Perempuan Inovatif dan Kebudayaan Digital

Perempuan ini terbilang paling muda jika dibandingkan dengan sederet budayawan lainnya. Umurnya masih 23 tahun, sedang budayawan lainnya, yang menggeluti dunia kebudayaan hampir rata rata sudah berumur. Seperti sosok budayawan multitalenta, yang akrab dipanggil Gus Mus, kini ia sudah menginjak umur 77 tahun. Begitupun dengan Emha Ainun Nadjib, Sujiwo Tedjo, KH. Zawawi Imron, Butet Kertaradjasa dan lain lain. Hampir semua tokoh budayawan itu sudah berumur tua.
Budayawan muda ini, terlahir pada 13 Februari 1998 yang bertempat di Kota Tebing Tinggi. Ia memiliki nama lengkap Cyntia Handy, kerap dipanggil Cyntia. Ia pindah ke Kota Mojokerto sejak berada di bangku SMP. Usai dari SMP TNH, ia ke SMA TNH. Dan menyelesaikan pendidikan sarajananya di S1 Psikologi Universitas Surabaya.
Cintya, sejak remaja sudah akrab dengan dunia kebudayaan. Meskipun ia tidak tergabung secara langsung, tetapi sudah melakukan komunikasi dengan banyak komunitas untuk membangun dunia kebudayaan. Waktu kuliah, ia tergabung secara langsung dengan kegiatan yang berhubungan dengan kebudayaan, seperti menjadi duta wisata provinsi Jawa Timur.

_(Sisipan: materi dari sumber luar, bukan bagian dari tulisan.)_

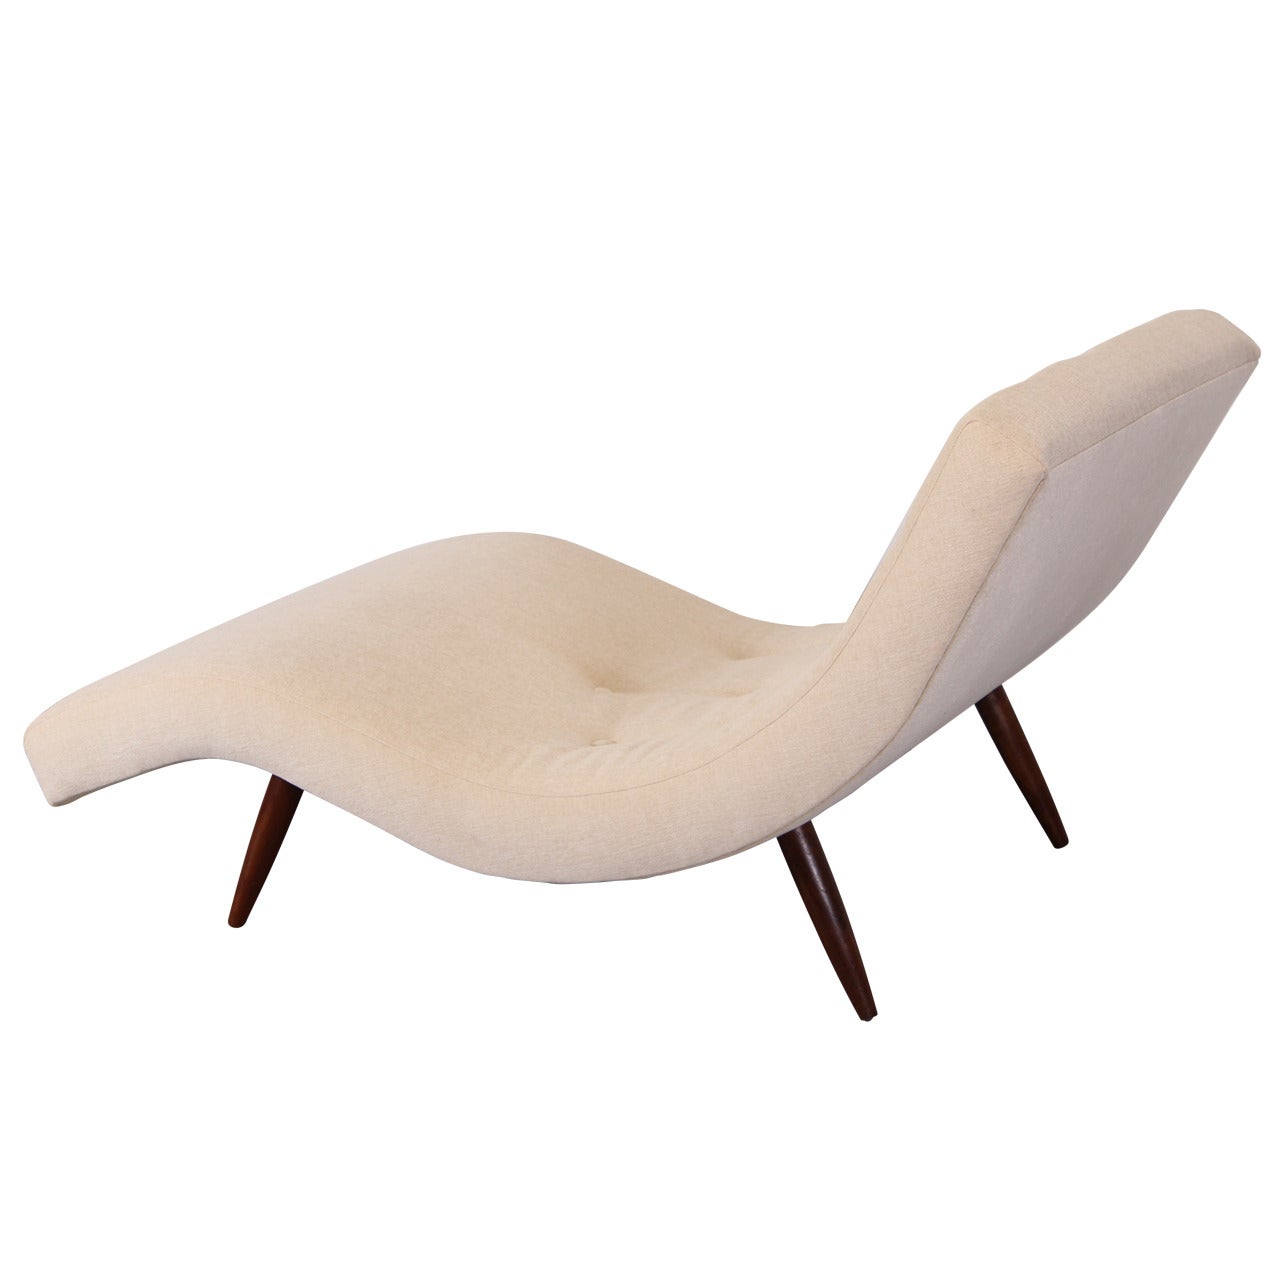 Adrian Pearsall Wave Lounge, 1960 - Pair Available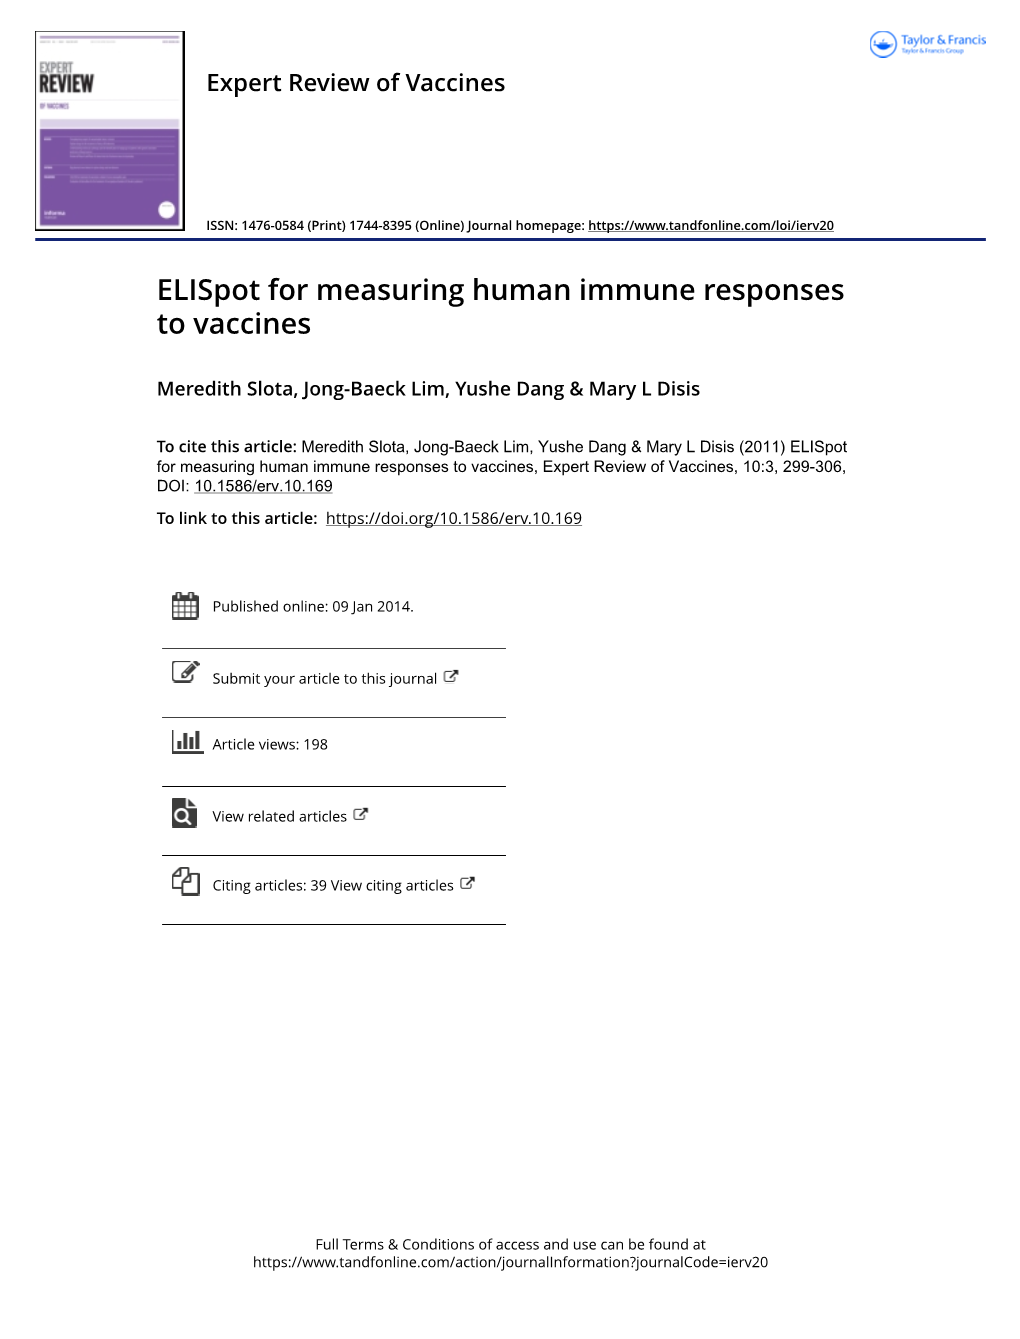 Elispot for Measuring Human Immune Responses to Vaccines

Pengalaman dan pengetahuan yang mendalam tentang kebudayaan, menghantarkannya ia diamanahi untuk menjadi direktur di Museum Gubug wayang. Padahal kala ia menjadi direktur Museum Gubug Wayang, ia belum menyelesaikan pendidikan sarjananya.
Tentang hobynya menggeluti dunia kebudayaan, perempuan cantik ini, menuturkan bahwa ia sebenarnya tidak mempunyai bakat di bidang kesenian dan kebudayaan, tetapi mempunyai minat untuk pengembangan budaya lebih populer di masyarakat agar banyak yang aktif di dunia kebudayaan.
“Motivasi saya menekuni kebudayaan, agar dapat menjadikan kebudayaan sebagai ruang yang menarik bagi anak-anak bahkan membangun stigma bahwa kebudayaan dapat menjadi industri tersendiri,” tutur perempuan ini dalam menjelaskan motivasinya memasuki dunia kebudayaan.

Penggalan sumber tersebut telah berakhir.